The Earth's climate system is made up of five parts that work together: the atmosphere (air), the hydrosphere (water), the cryosphere (ice and permafrost), the lithosphere (Earth's upper rocky layer), and the biosphere (living things). Climate is the average weather over a long time, usually 30 years, and is influenced by processes like ocean currents and wind patterns. Air and ocean movement carry heat from warm tropical areas to cooler regions. Energy from the Sun drives this movement. The water cycle also helps move energy through the climate system. In addition, chemical elements like carbon and nitrogen move between the parts of the climate system through natural cycles.

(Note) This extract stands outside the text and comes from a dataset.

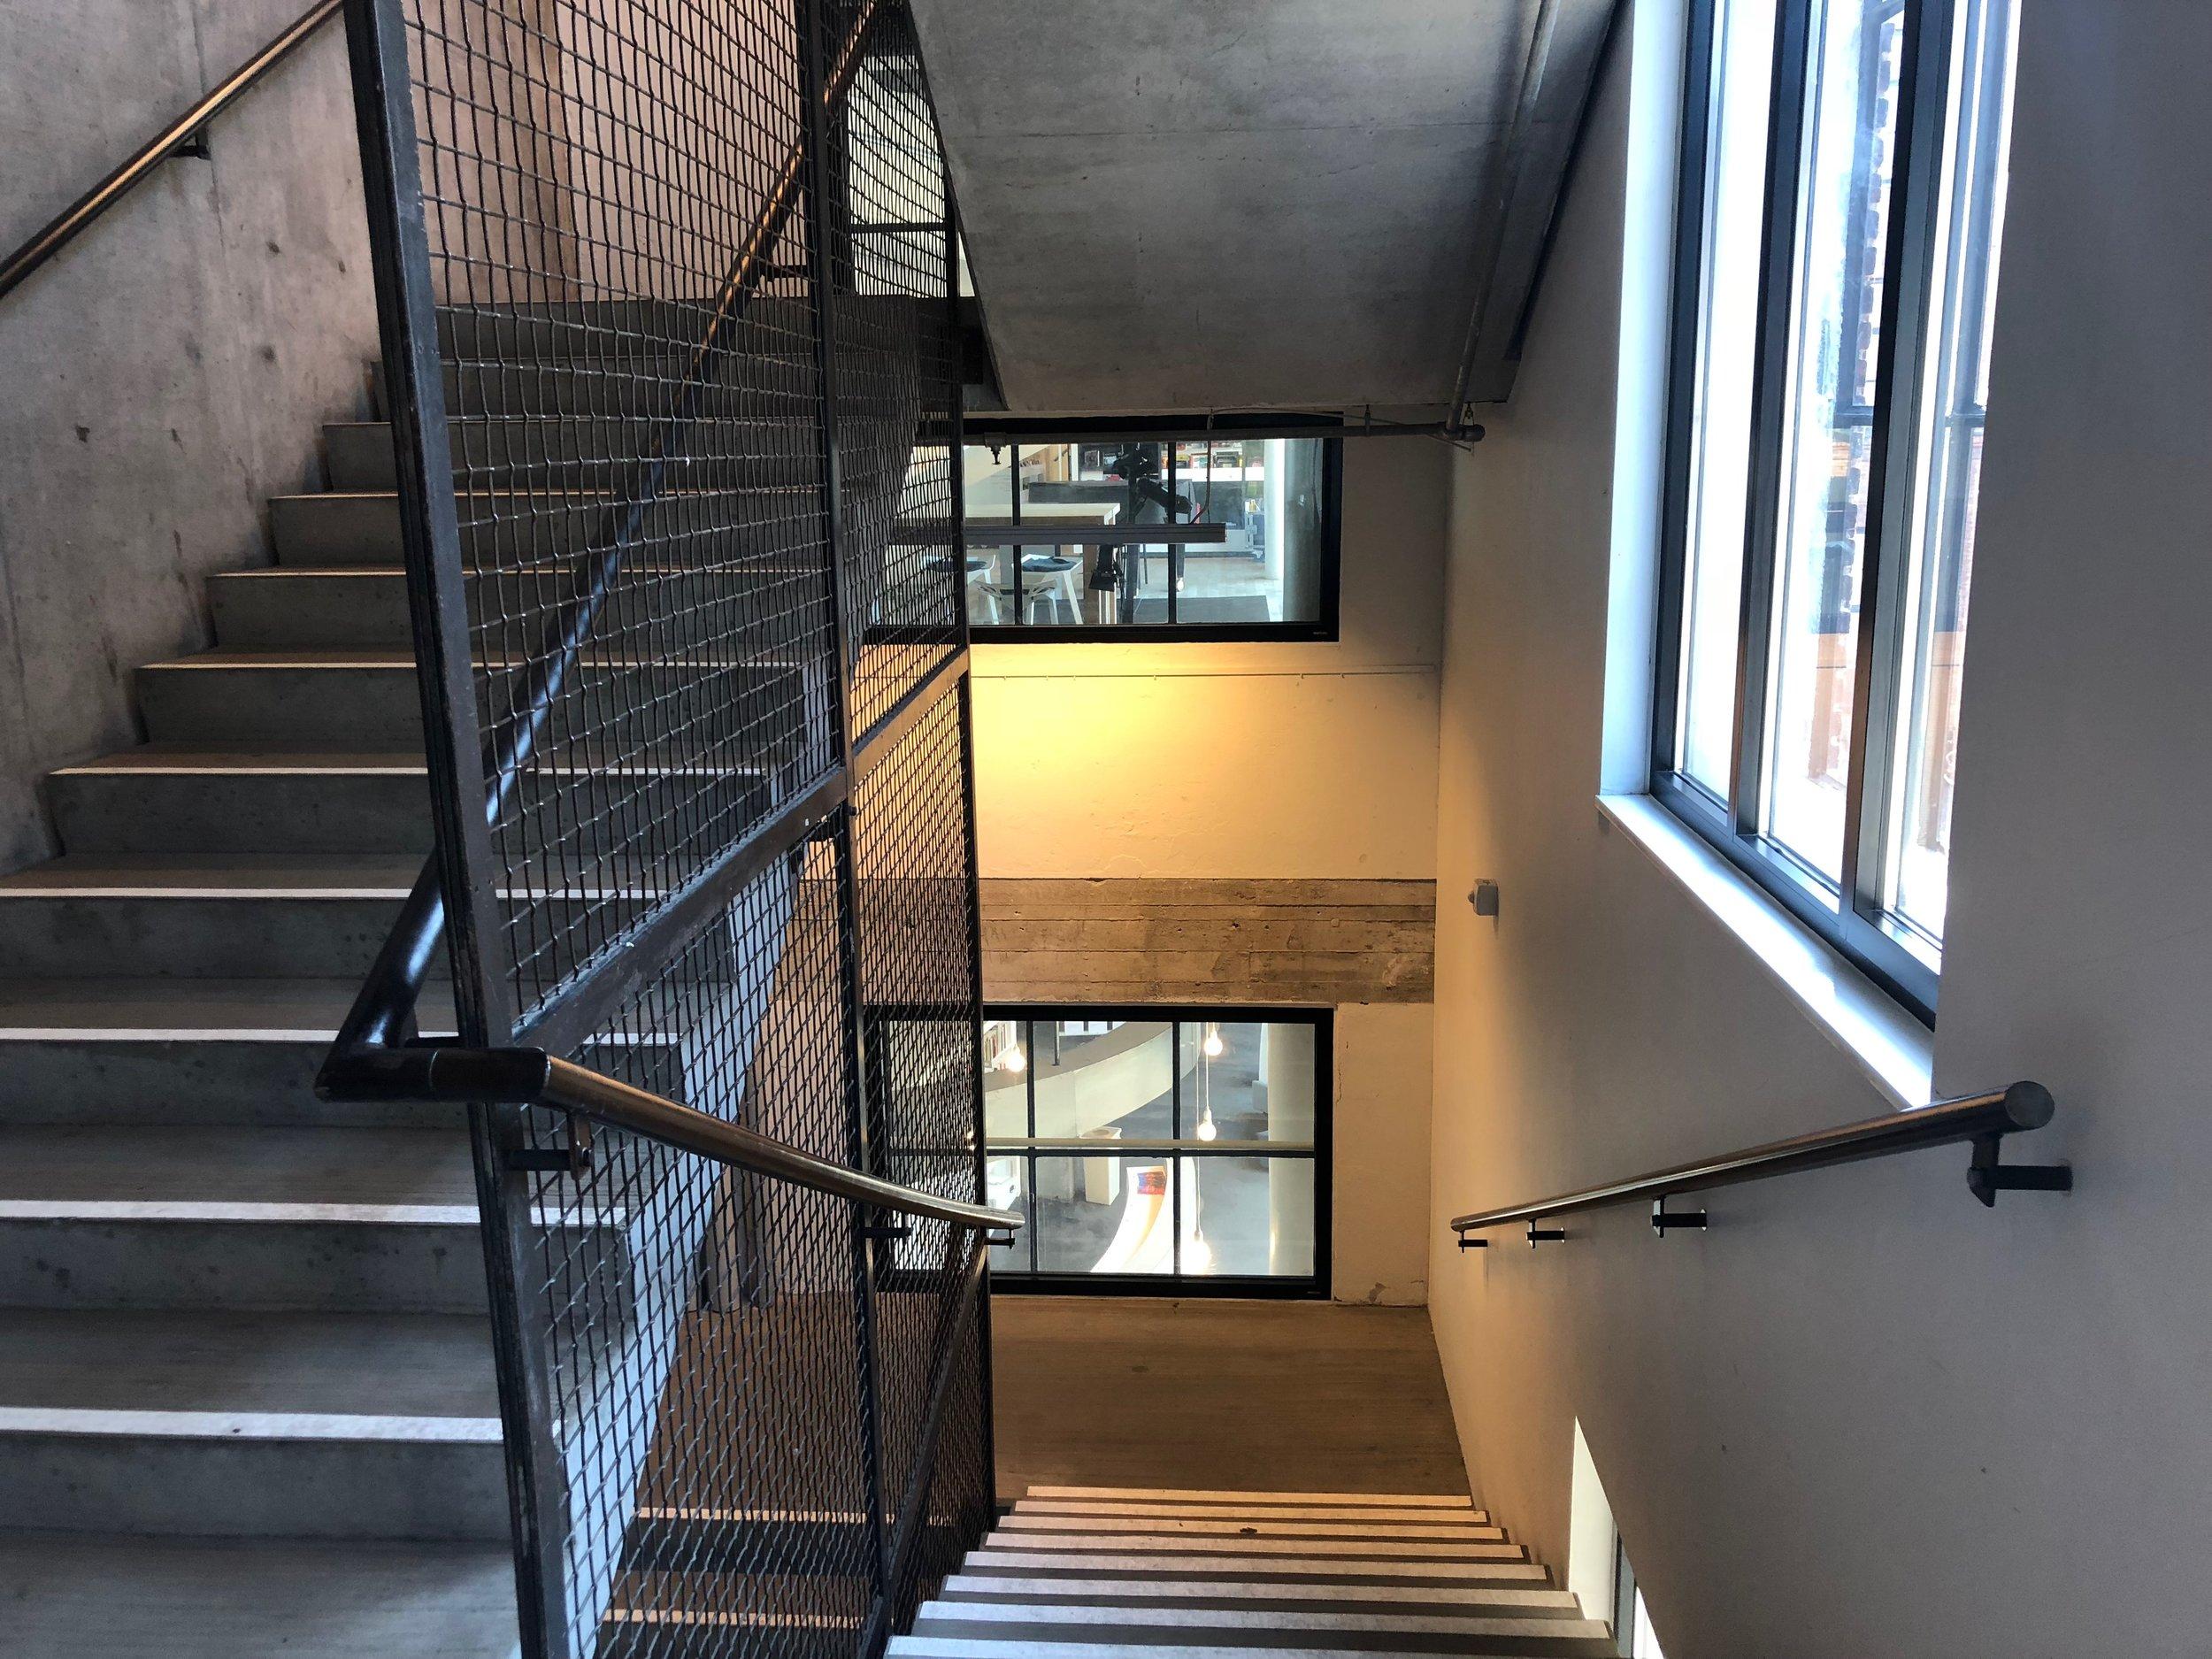 En ny beton trappe er sat ind i den gamle bygning. Den passer godt ind, da den har et meget råt udtryk

Changes in the climate system can happen because of natural causes, such as changes in sunlight or volcanic eruptions, or because of human actions. People burning fossil fuels release greenhouse gases into the atmosphere, which cause climate change. Human activities also produce cooling particles, but these have a much smaller effect than greenhouse gases. Climate changes can become stronger because of feedbacks within the climate system's parts.

Education

Earth System science is taught in advanced programs at some universities. For general education, the American Geophysical Union, along with the Keck Geology Consortium and with help from five groups in the National Science Foundation, organized a workshop in 1996 to set shared learning goals for Earth science subjects. The report said that Earth and space science fields are changing a lot, helping people see Earth as connected systems. Because of this systems approach, the report suggested creating an Earth System science curriculum with help from the National Science Foundation. In 2000, the Earth System Science Education Alliance (ESSEA) started. Today, more than 40 organizations are involved, and over 3,000 teachers have finished an ESSEA course by fall 2009.

Related concepts

Earth system law is a type of earth system governance. Earth system governance is part of earth system sciences, which are studied using social science methods. As of 2021, earth system law is still very new.